**Dataset excerpts:**
───

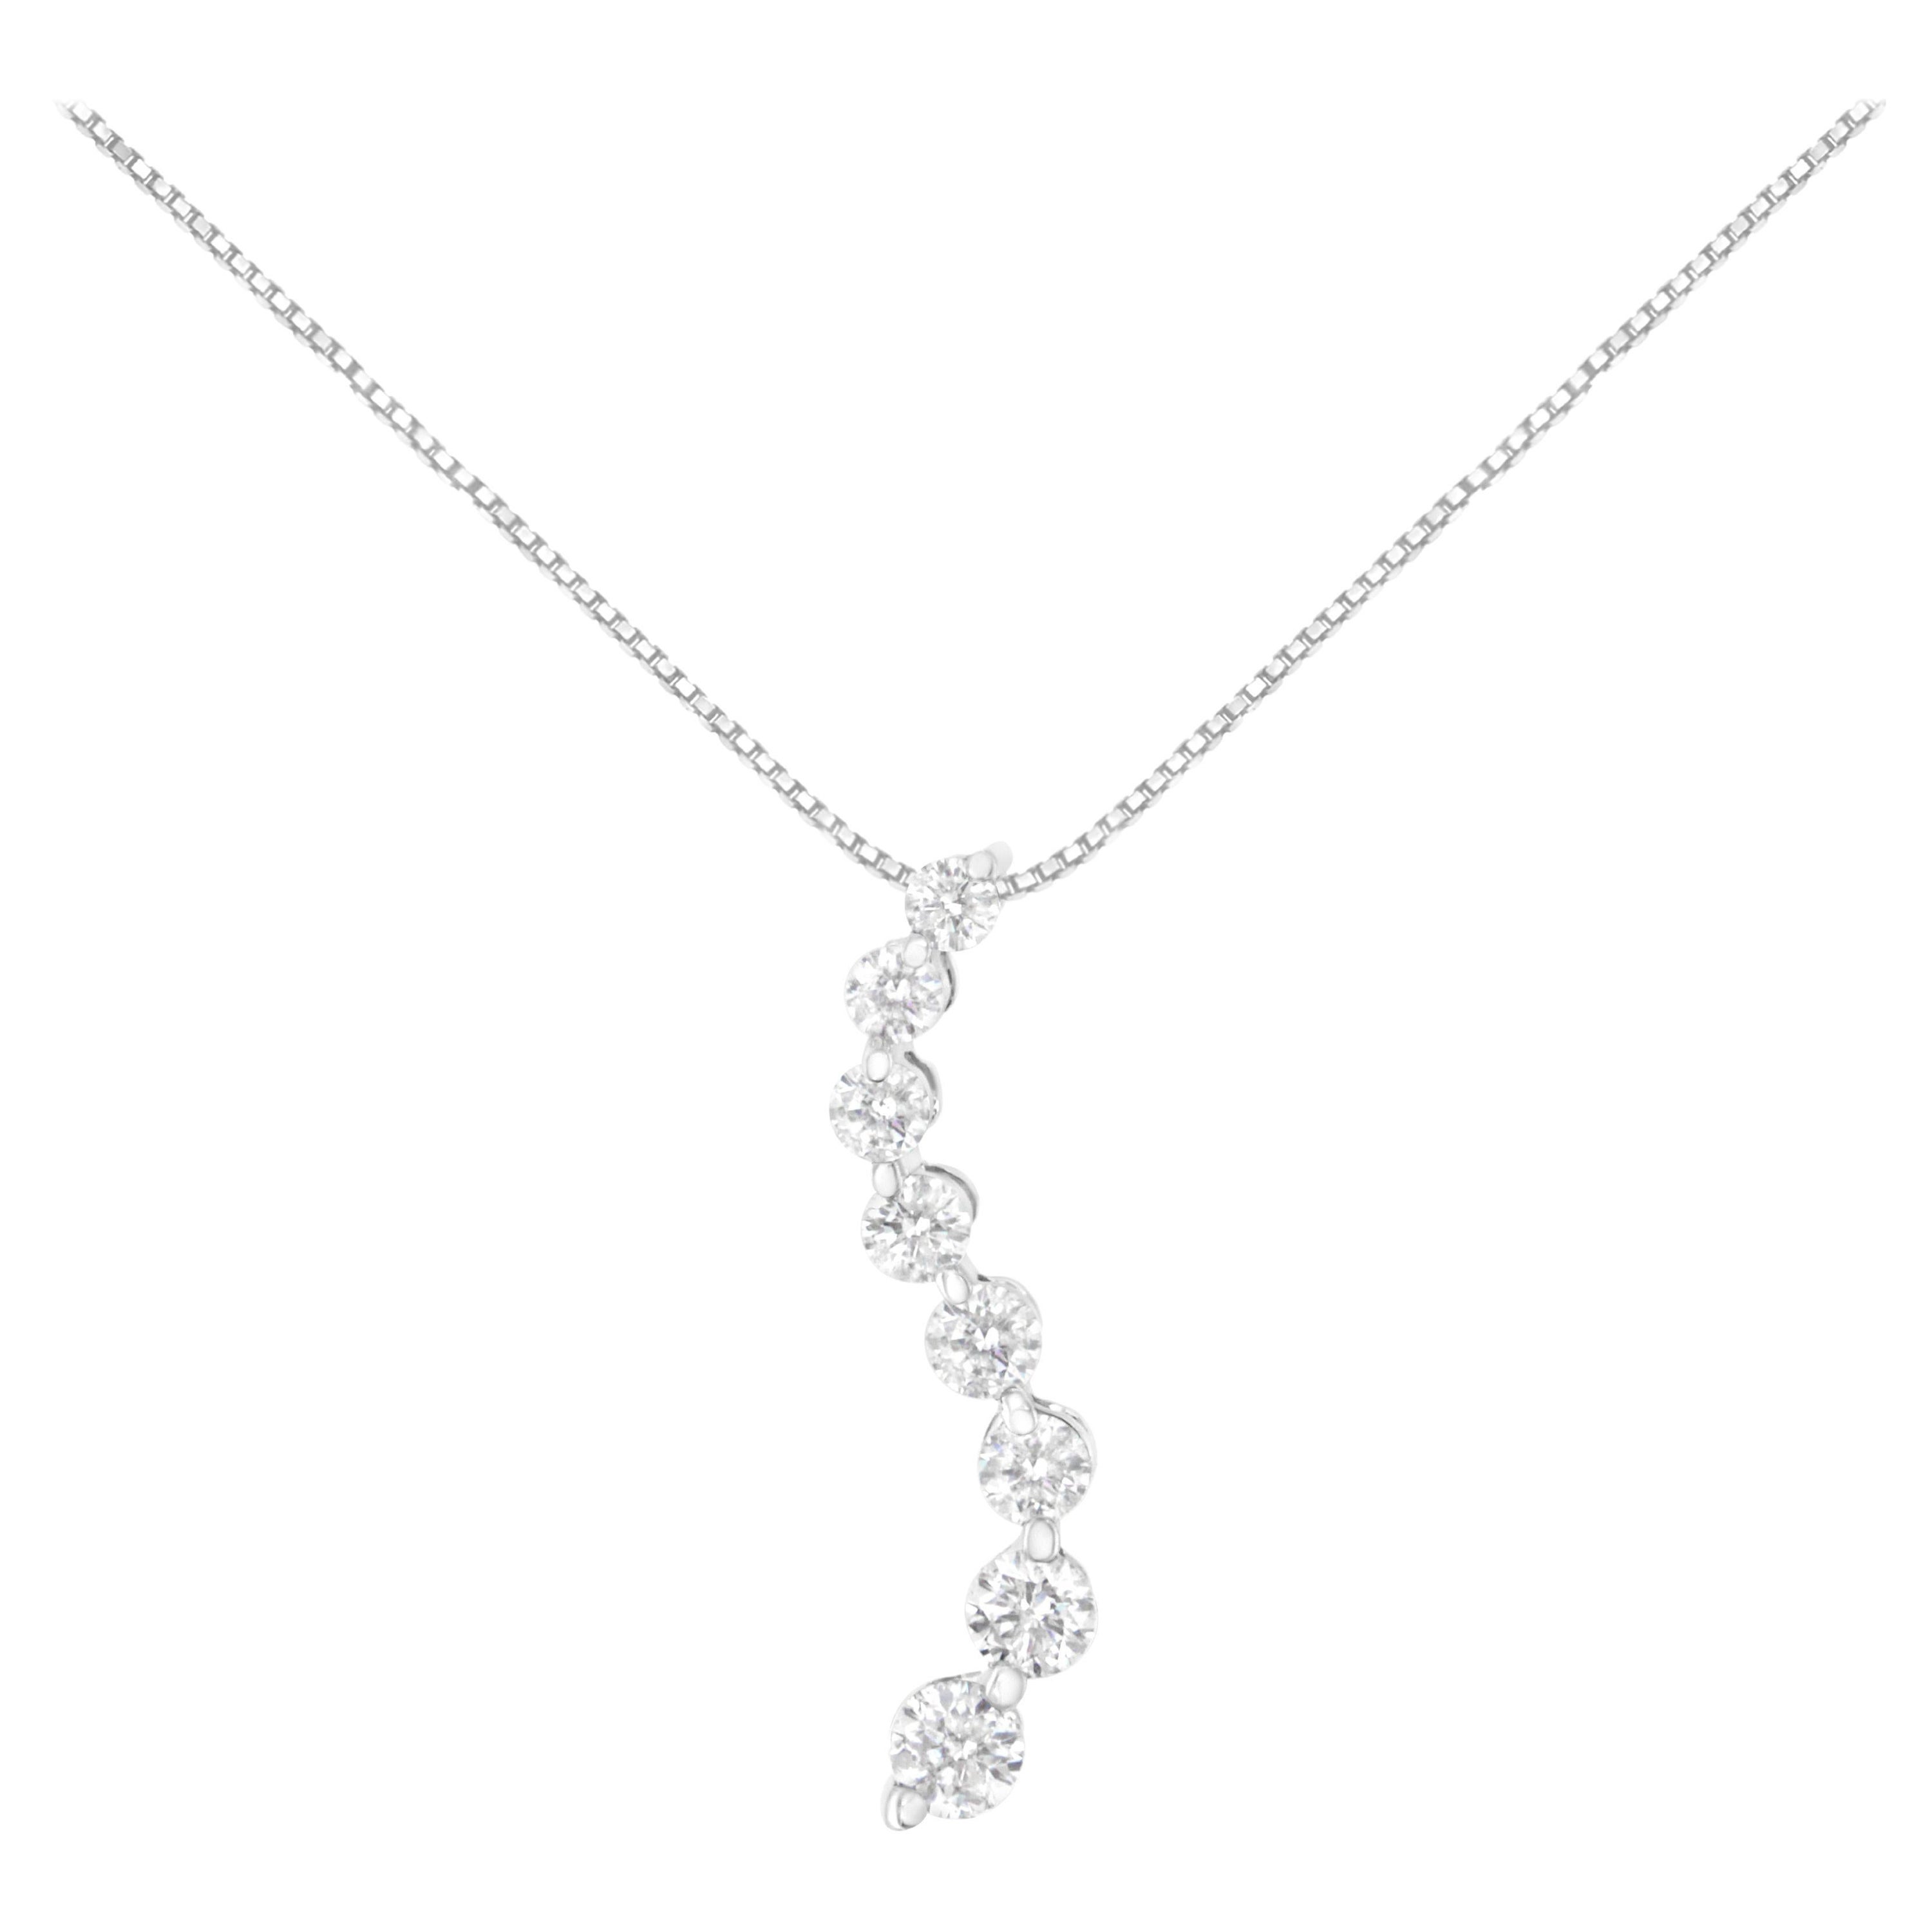 AGS Certified 14K White Gold 3.0 Carat Diamond Journey Pendant Necklace
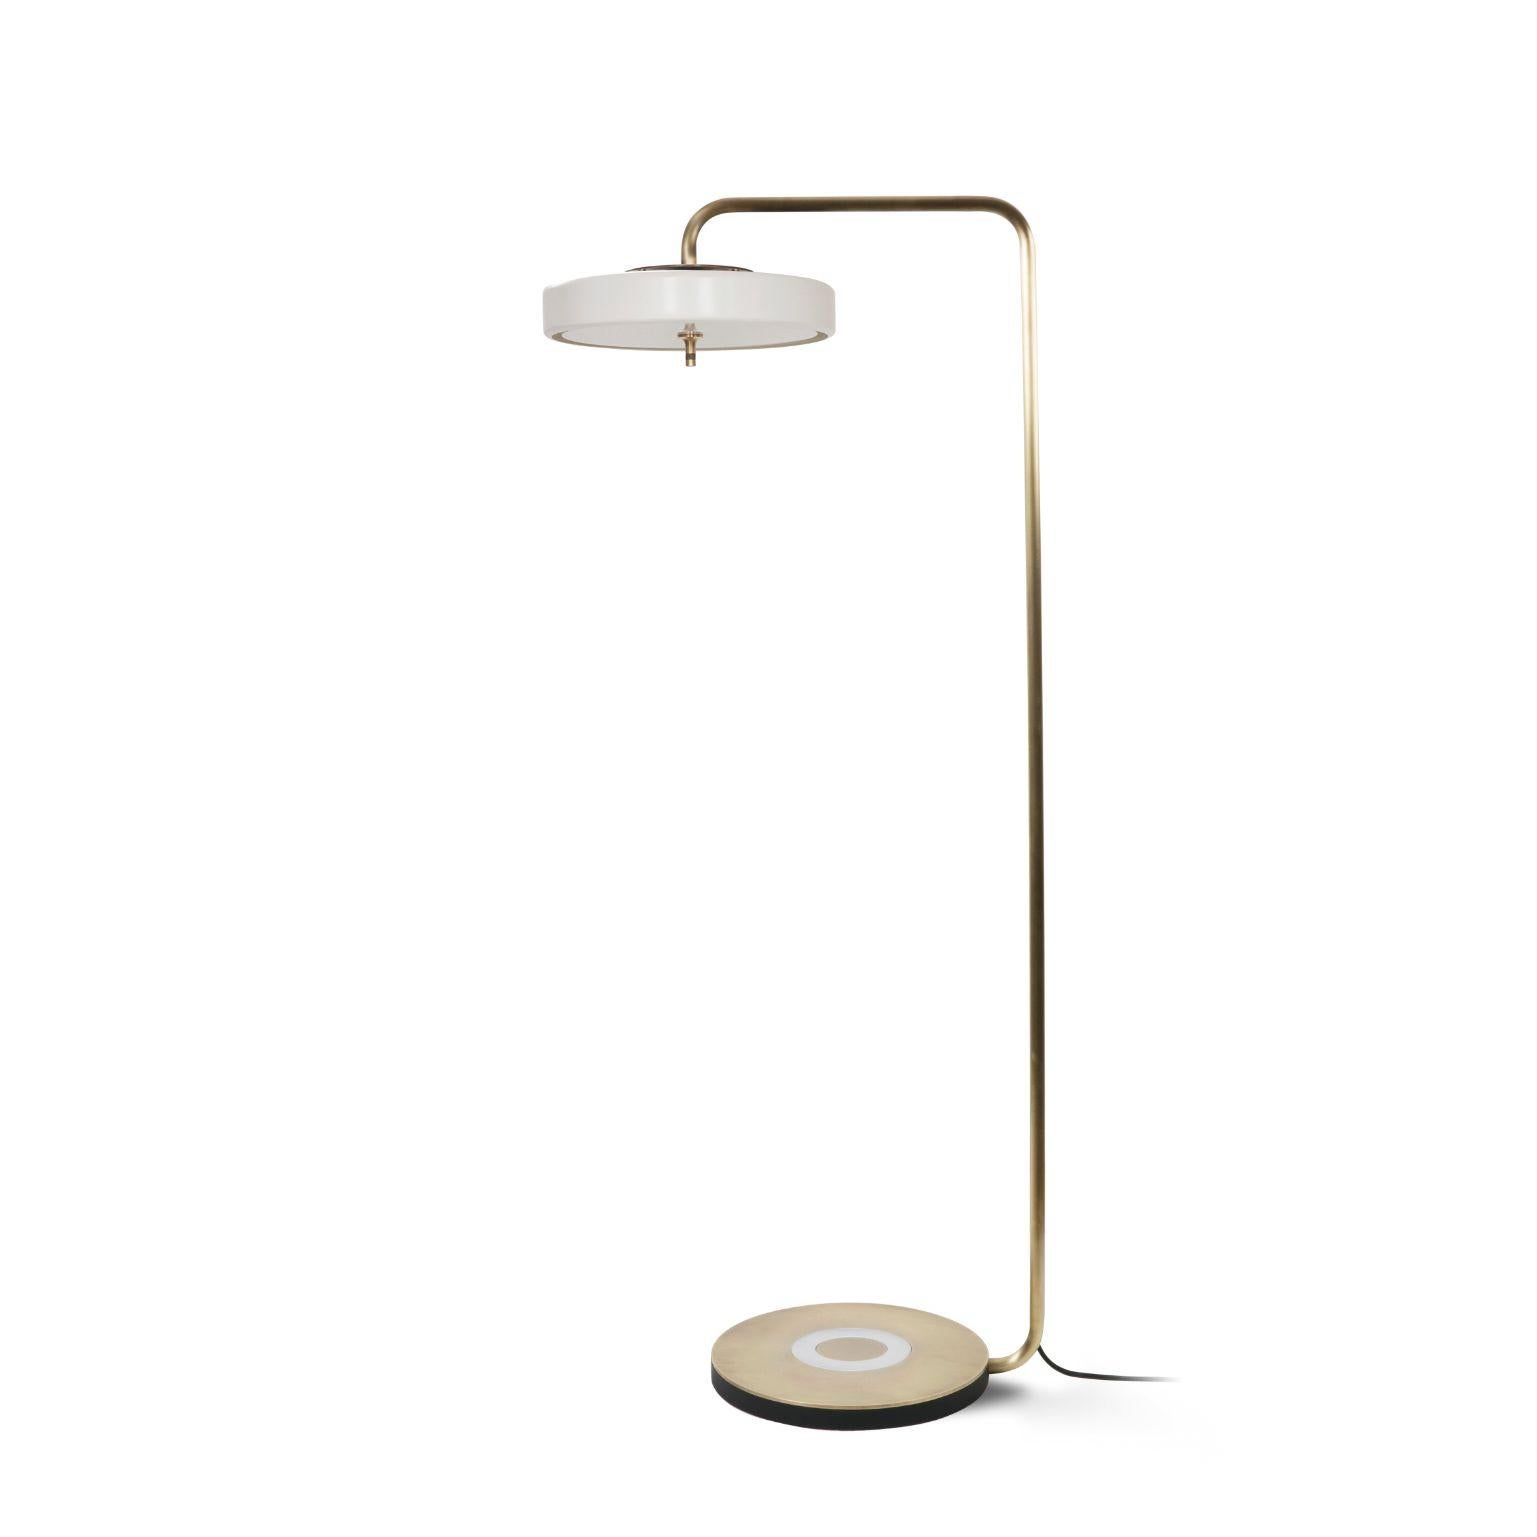 Revolve floor lamp - Polished brass - white by Bert Frank
Dimensions: 130 x 35.4 x 9.3 cm
Materials: Brass, steel

Also available in brushed brass
When Adam Yeats and Robbie Llewellyn founded Bert Frank in 2013 it was a meeting of minds and the

───

**Required action:**
From the line containing "Revolve floor lamp" through the last line of the data above, write out every line word for word, and nothing else. Do not include the pictures.

**Answer section:**
 Revolve floor lamp - Polished brass - white by Bert Frank
Dimensions: 130 x 35.4 x 9.3 cm
Materials: Brass, steel

Also available in brushed brass
When Adam Yeats and Robbie Llewellyn founded Bert Frank in 2013 it was a meeting of minds and the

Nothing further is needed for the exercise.